Kenneth Copeland laughing Biden video

@RightWingWatch/Twitter

Video shows right-wing televangelist Kenneth Copeland laughing himself senseless over Biden victory

'He looks like he's about to unhinge his jaw and swallow a toddler.'

 

Kahron Spearman

Tech

Posted on Nov 9, 2020   Updated on Nov 9, 2020, 8:08 am CST

Televangelist and President Donald Trump acolyte Kenneth Copeland has found a way of cope with former Vice President Joe Biden winning the 2020 presidential election: laughing himself senseless with his congregation.

Copeland is once again responsible for one of the weirdest church scenes captured this year, following his April pronouncement that he could blow coronavirus away with the “wind of God.”

“The media said what?” Copeland asks before laughing in apparent disbelief. “The media said Joe Biden’s president.”

Copeland then continues his hysterical laughter as the crowd rises and joins him.

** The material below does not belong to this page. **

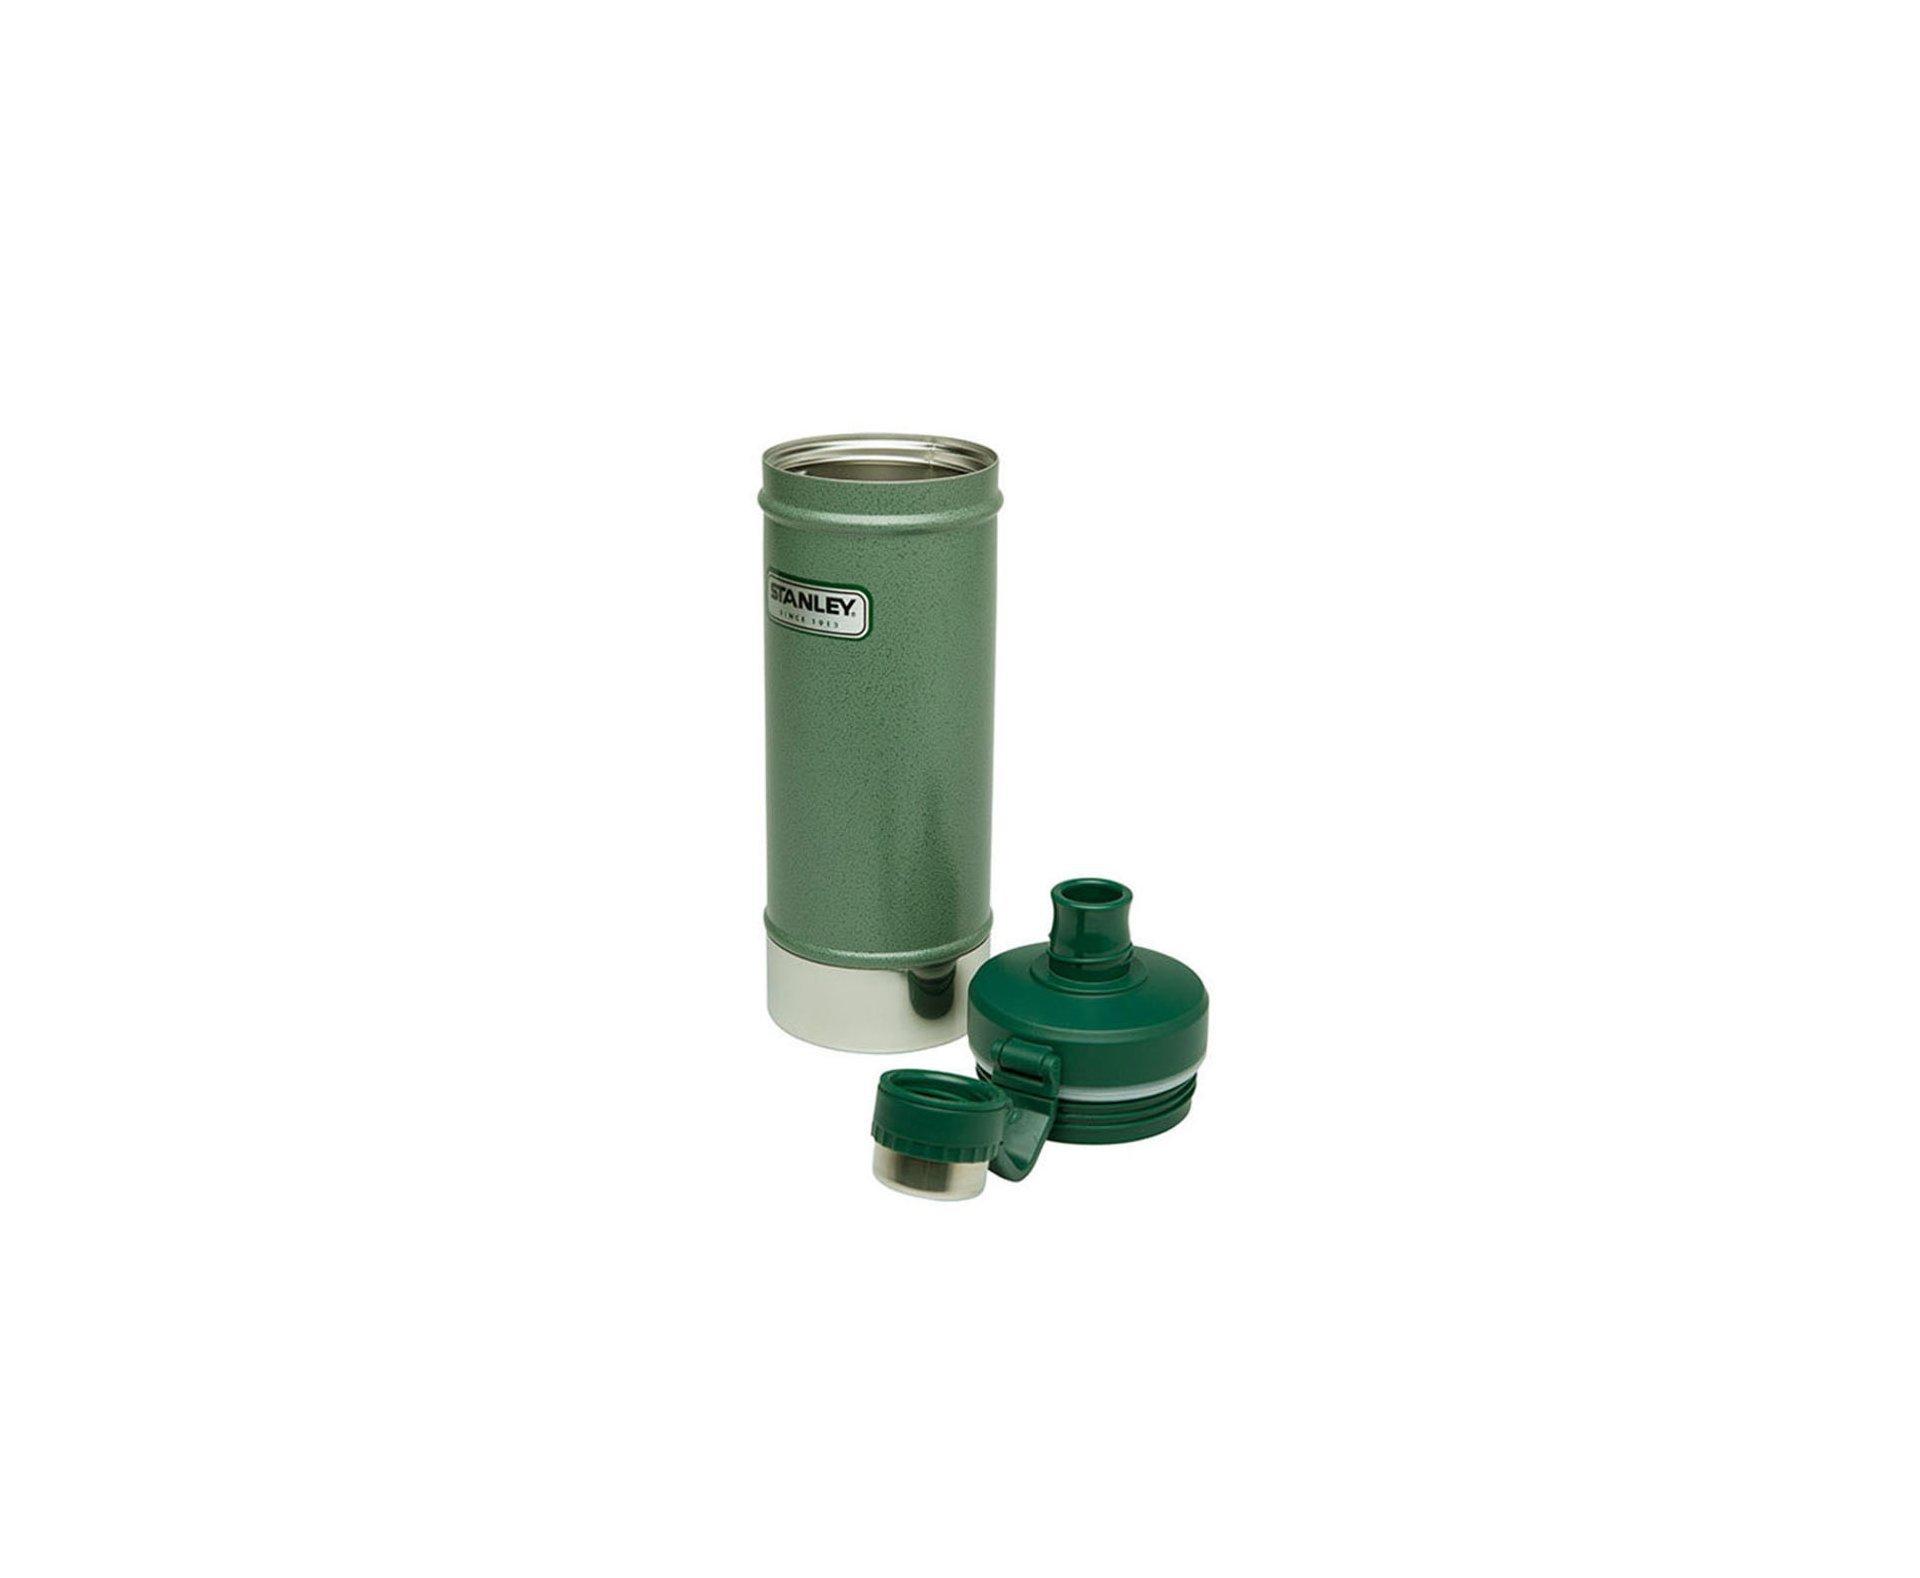 Garrafa Termica Classic Hammertone Green 0.621l  - Stanley

Even onscreen, however, the maniacal laughs appear calculated and forced.

Redditors had a field day with the video, which, along with last week’s heavily memed video of a prayer led by Trump’s spiritual adviser Paula White-Cain, puts televangelists closer to “cultish huckster” territory.

“This is the creepiest thing I’ve seen in a long time. I’m done with the internet today,” commented u/AtomicRoosterFetus.

u/peppermintmeow wrote, “He looks like he’s about to unhinge his jaw and swallow a toddler.”

“Every time a new Copeland video comes out about 90% of the comments say something nearly identical to this,” u/unphamiliarterritory said. “Copeland exudes creepy, and I’ll never understand, as long as I live, how anyone in their right mind (and I’m thinking that’s the key phrase here) can see this guy and think he’s not Satan himself.”

Like many in the lineage of rich televangelists, Copeland—who has an estimated net worth of $300 million—has been accused of bilking his congregation into funding his lavish lifestyle.

But there’s more to this, according to writer Laird Barron.

“This filtered excerpt might seem cheesy. It’s not,” Barron wrote in a quote tweet of Right Wing Watch’s Copeland video, which has been viewed nearly 10 million times. “It’s a variation of command voice/presence techniques employed by law enforcement and the military. Motivational speakers use it, albeit less violently. This is professional brainwashing for your viewing pleasure. It works.”